Папа по райкомовской командировке уехал в район, и мама после садика повела меня к себе на работу в кинофикацию, где была бухгалтером. Она поговорила с инженером Салтыковым и шофёром полуторки, кинопередвижчиком Вырвой, который угостил меня конфетами и покрутил вокруг себя за руки «на карусели». Поставил на ноги и придержал. Потом в другую сторону — раскрутил. Он так всегда делал. Я только не понимала, что, как и зачем он вырвал, что фамилия его после этого стала такая «вырванная».
Потом мы с мамой пошли в кино. Не помню начала, там всё время играла музыка с танцами. Я на ухо спросила у мамы:
— А петь будут?
— Нет. Это балет.
Я играла на своём стуле с куколкой, она заснула под музыку, и я стала смотреть, что там на экране.
Танцевала тётя, в белом, прозрачном и лёгком. И сама лёгкая, как гусиное пёрышко. Под печальную музыку она очень горевала, в сторону куда-то, прикладывала руки к щекам, к сердцу и вытягивала их — далеко, туда. Мне стало её жалко… Тут прибежала танцевальная тётя в тёмных шароварчиках, которые как бы спустились с неё. Сейчас упадут совсем. Она прыгала, задирала ноги, резко махала руками на белую. Угрожала — гусачиха! Вдали показался дядька с намотанным полотенцем на голове, как мама, когда помоет голову. Что они собираются делать с беленькой? И я стала кричать на весь зал:
— Чёрная тётка злая и бессовестная! Она всем показывает свой голый пуп! У нас в городе никто так не делает!!
В зале стали смеяться. Мама взяла меня за руку, наклонилась, и мы вышли из сеанса. Она оставила меня возле бабушки Тоси-билетницы:
— Доця, кино уже скоро кончится, — и пошла досматривать.
Баба Тося дала мне семечек и бумажку, чтоб я туда плевала. Я плевала и думала про беленькую:
— Тётя Тоня, почему девушка в белом печалилась?
— То нэ просто девушка, то Галина Уланова. А печалилась, бо домой хотела.
— К родителям?
— Да, в свою страну.
— Её украл дядька с тряпочной головой?
— Да, доню, украл та й завиз.
— Куда?
— В Турэччыну.
— Почему?
— Так вин жэ турок. А турок нэ козак. Отака трагэдия бувае на свити.
Трагедия не выходила из головы, и в садике про неё я рассказала Генке.
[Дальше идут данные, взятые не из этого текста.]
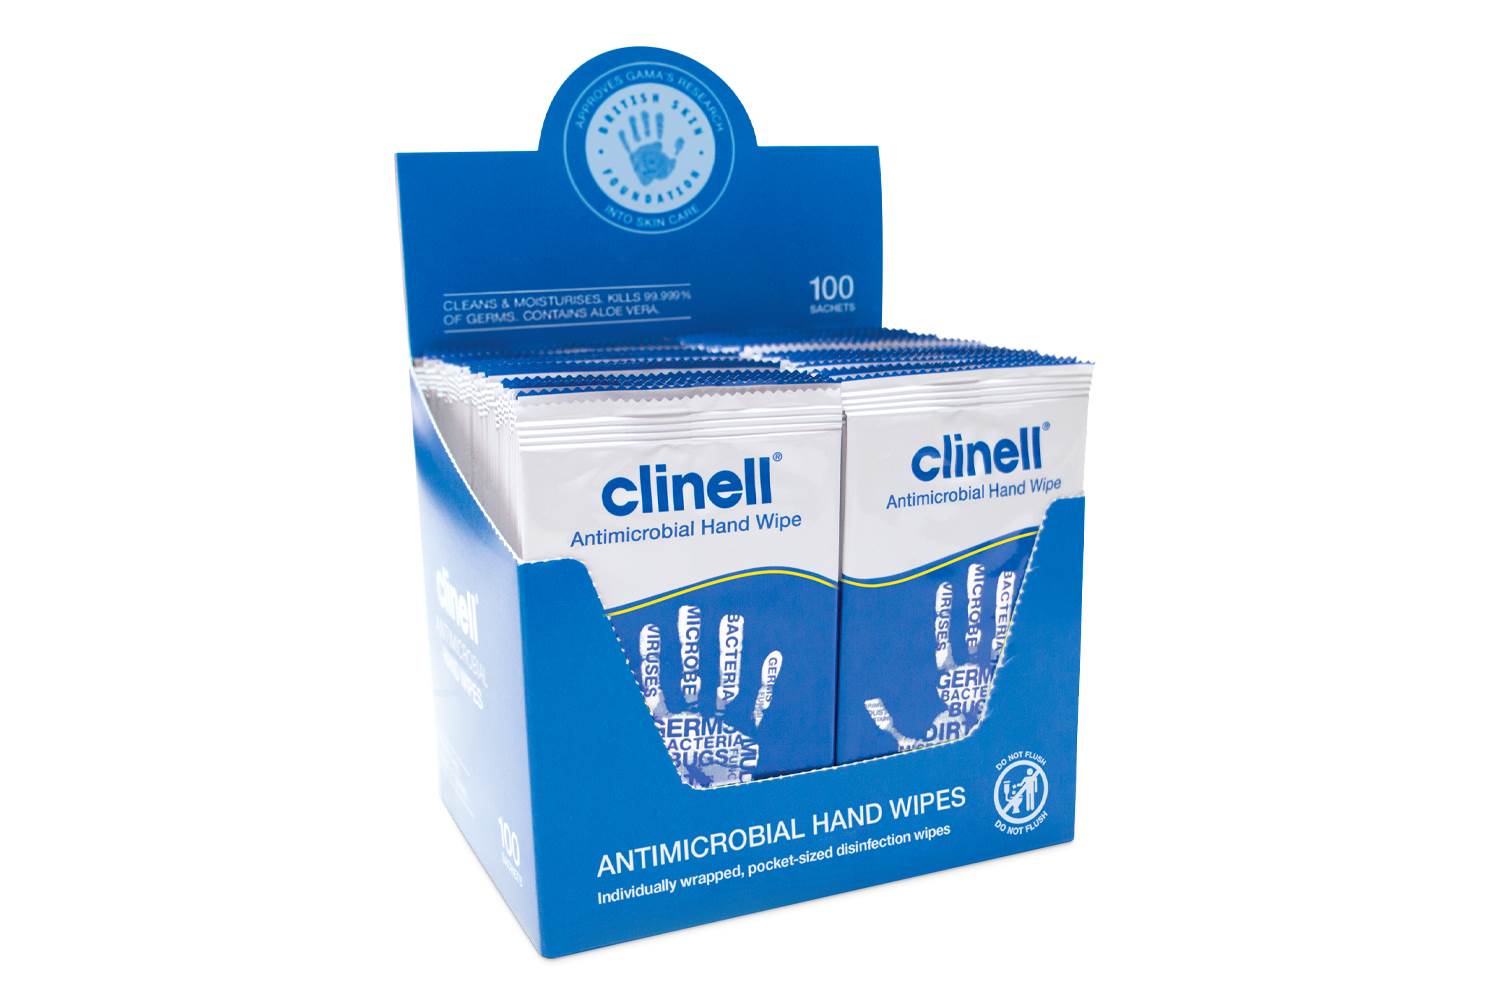 Clinell Antibactericidal Hand Wipes, 100 individually wrapped

— А! Я с мамкой тоже смотрел. Это балет, «Бахчисарайный фонтан», и там не говорят. Совсем. Только танцуют.
— Тётка в чёрном злая.
— Она зарезала Уланову.
— Как?
— Ножом.
— Ножом?..
«А я до конца и не досмотрела. Надо было в кино кричать ещё громче!»
Надежда Николаевна услышала наш разговор и успокоила меня, сказав, что это кино, а Уланова — лучшая балерина мира. Султан же так горевал по своей погибшей любимой, что построил очень красивый фонтан слёз — Бахчисарайский. «Всё равно дядька вор: если бы не украл беленькую, она б до сих пор жила!»
Дома вечерами не с кем было играться, и я говорила родителям, что хочу братика — как Генка, но очень маленького — как мячик. Я буду его катать на ручках и звать Валиком. Мама пообещала.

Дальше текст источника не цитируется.